:: WORK TO BE COMPLETED ::
Each line below must be reproduced exactly, though the pictures are to be dropped.

:: INFORMATION PROVIDED ::
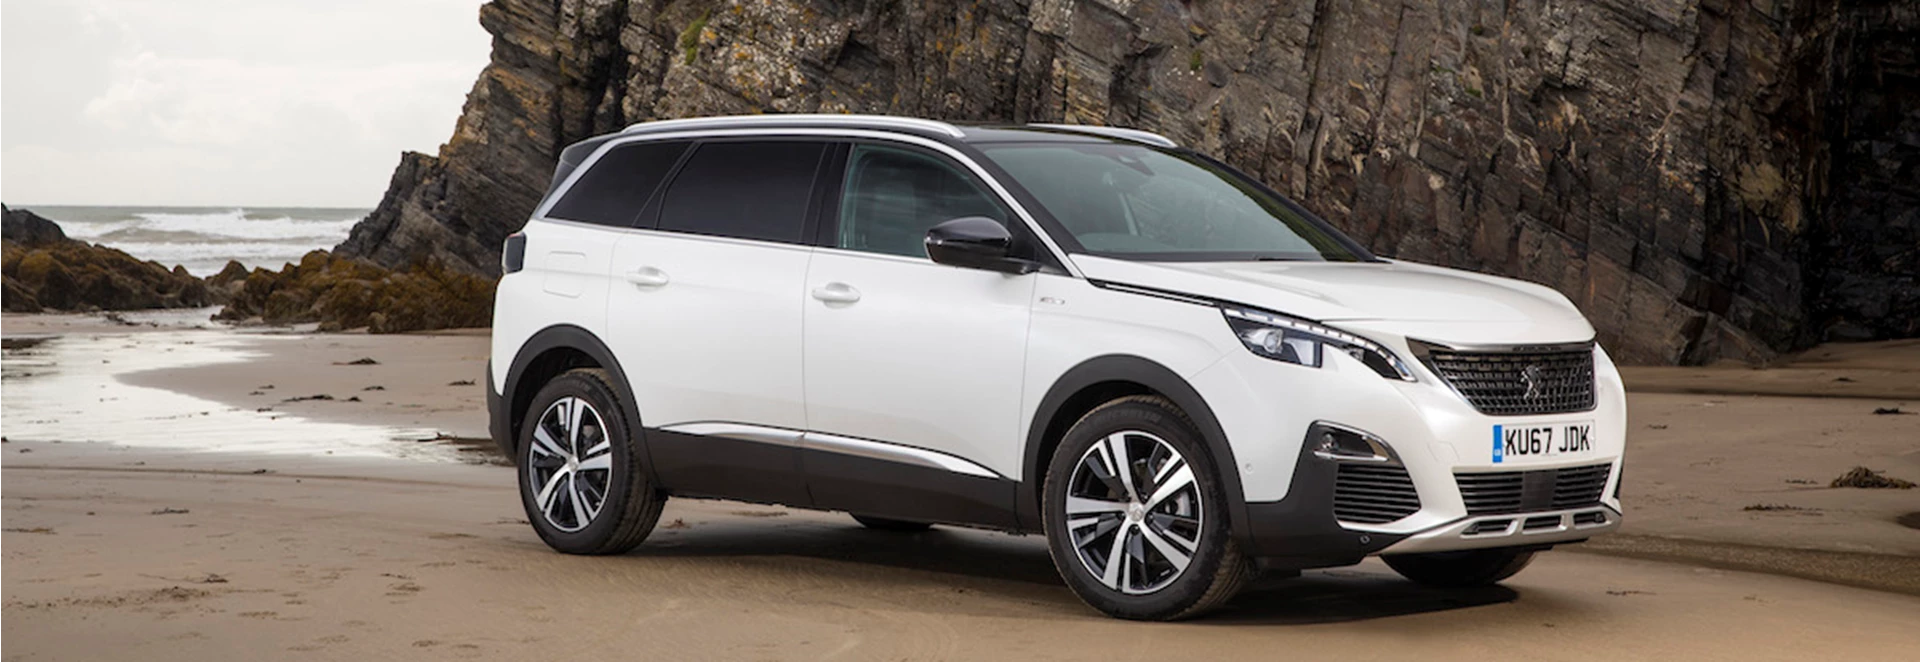 2017 Peugeot 5008 SUV Review 
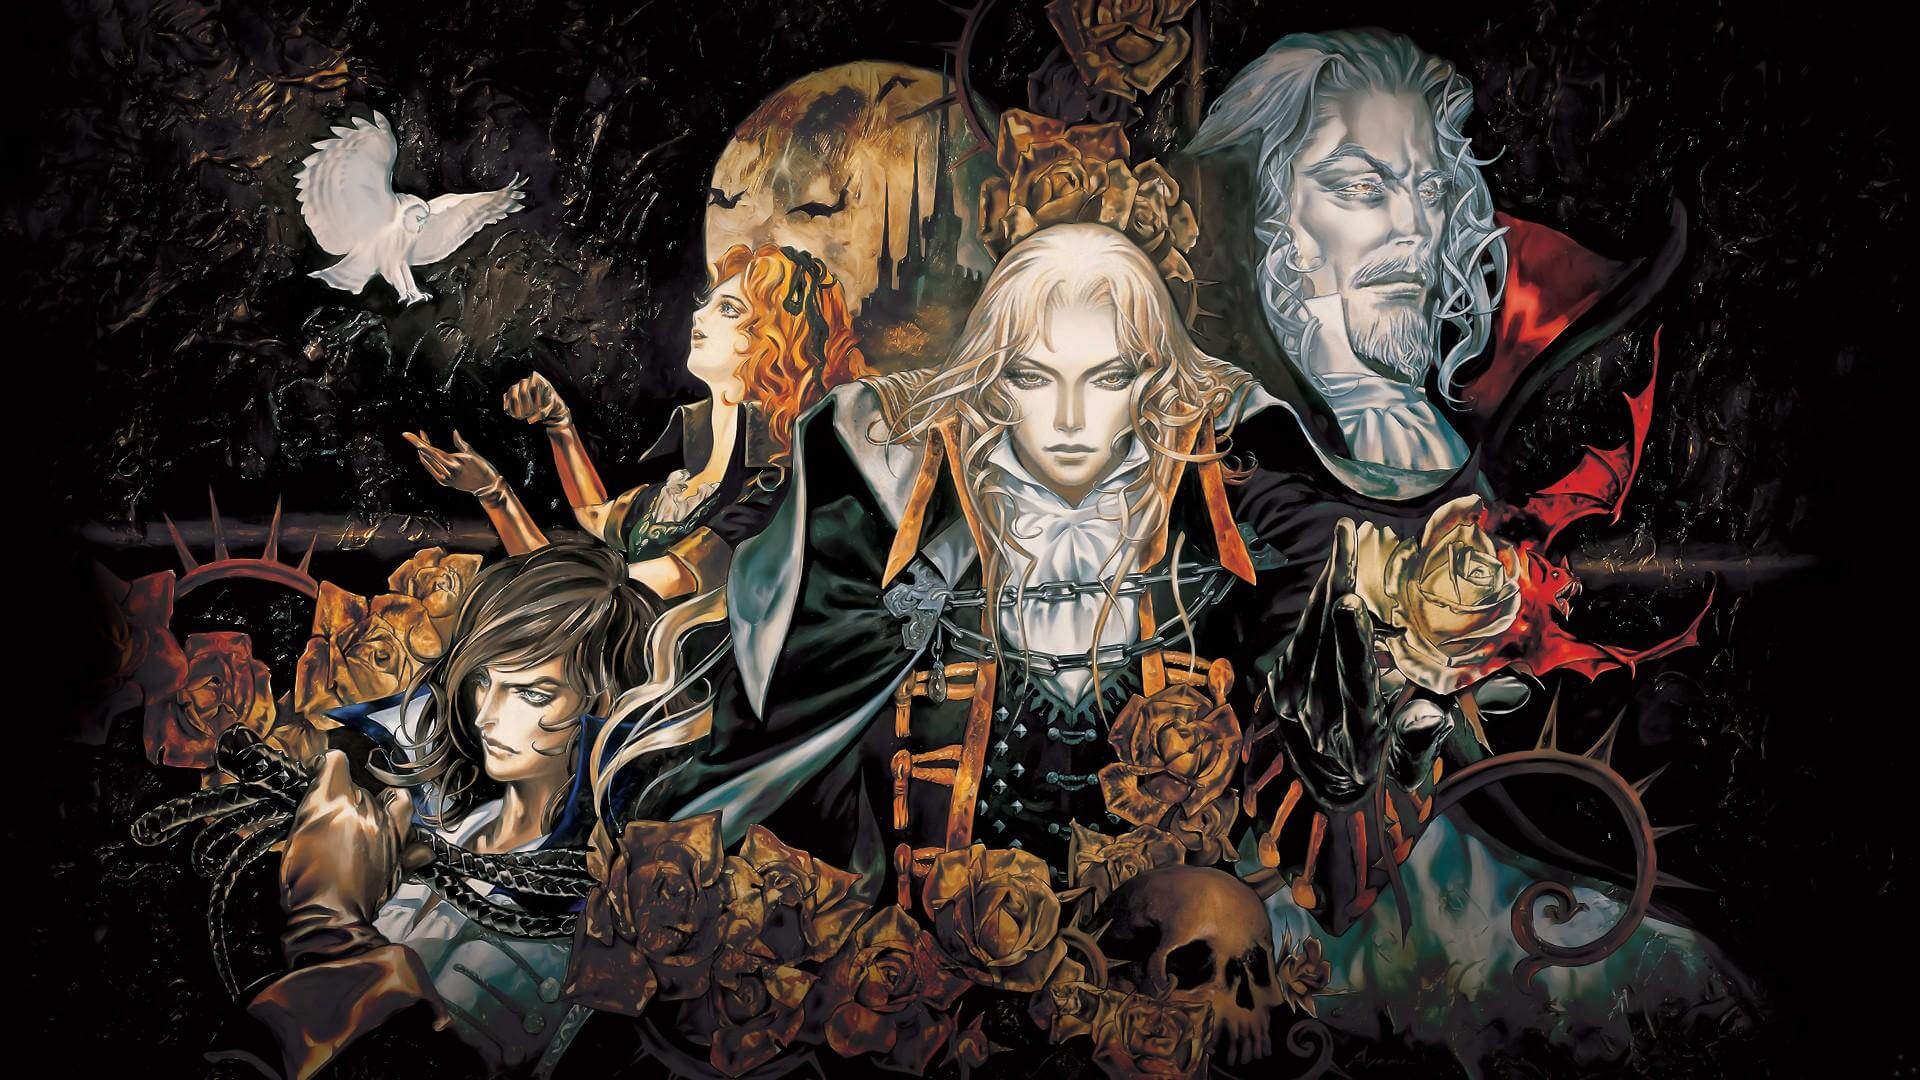 Castlevania: Lords of Shadow Guide - IGN
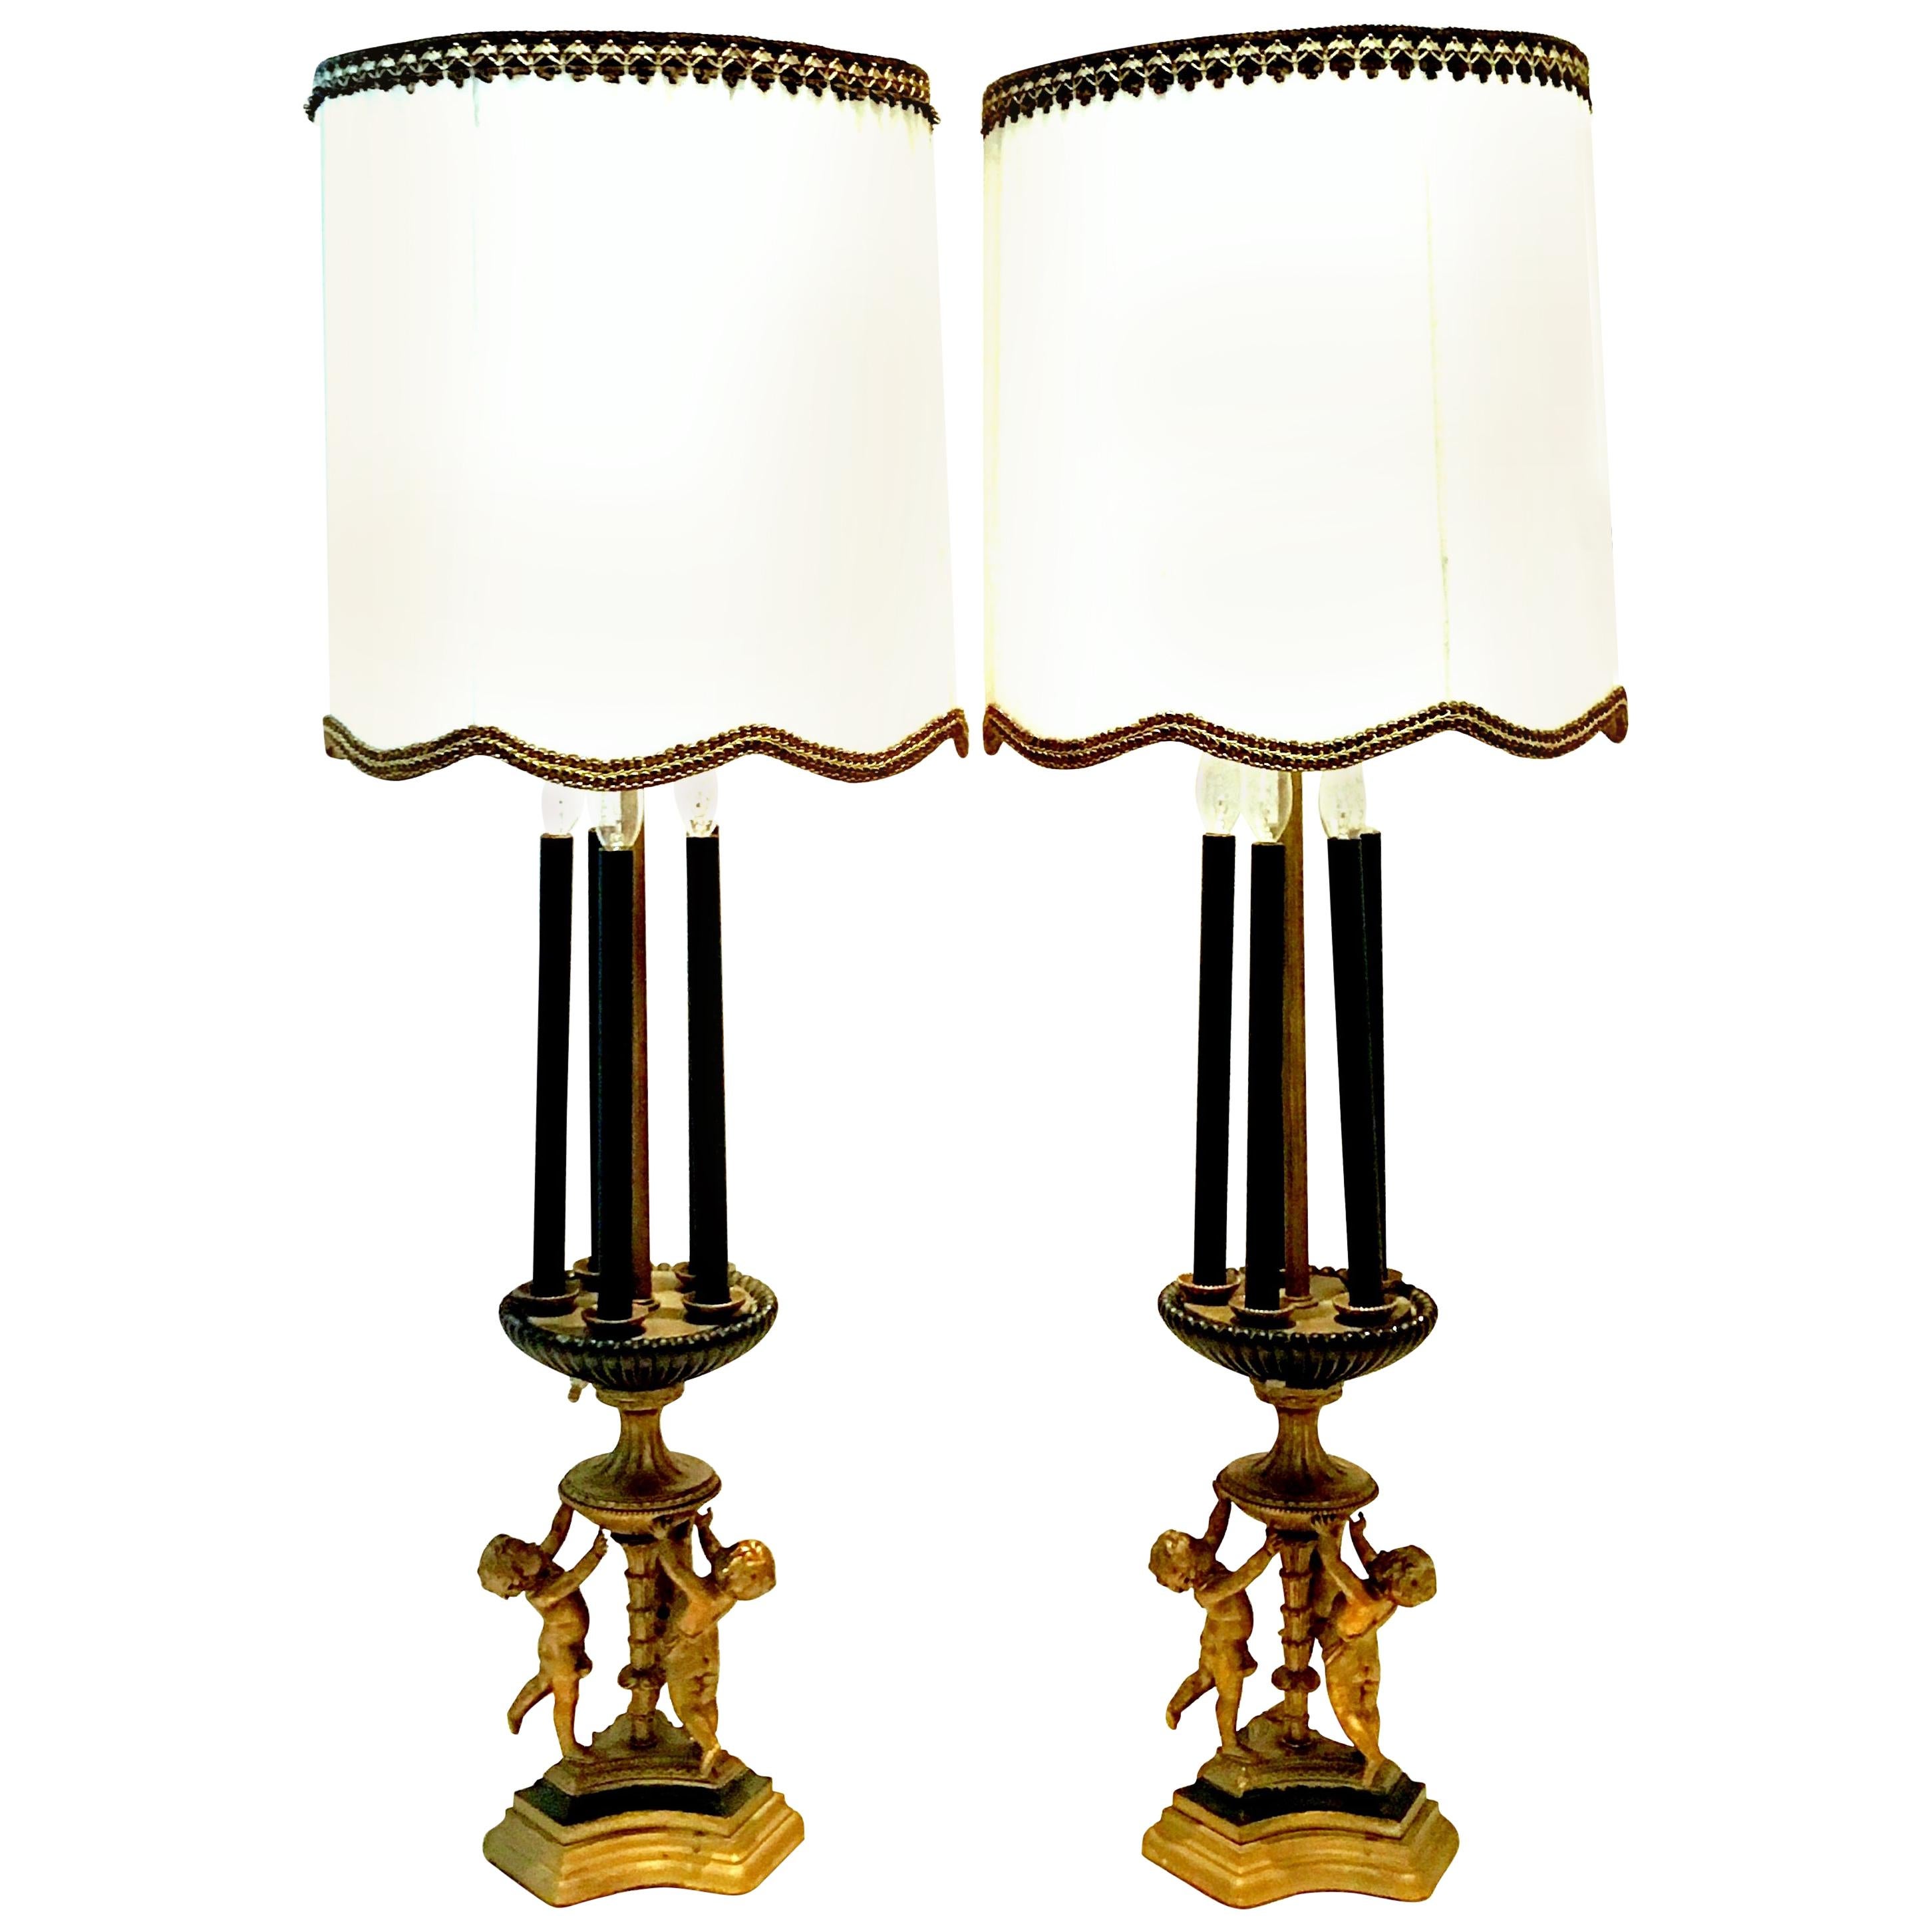 Antique Monumental Pair Of Neoclassical Six-Light Candelabra Lamps & Shades For Sale

:: WORKED SOLUTION ::
 2017 Peugeot 5008 SUV Review 
 Castlevania: Lords of Shadow Guide - IGN
 Antique Monumental Pair Of Neoclassical Six-Light Candelabra Lamps & Shades For Sale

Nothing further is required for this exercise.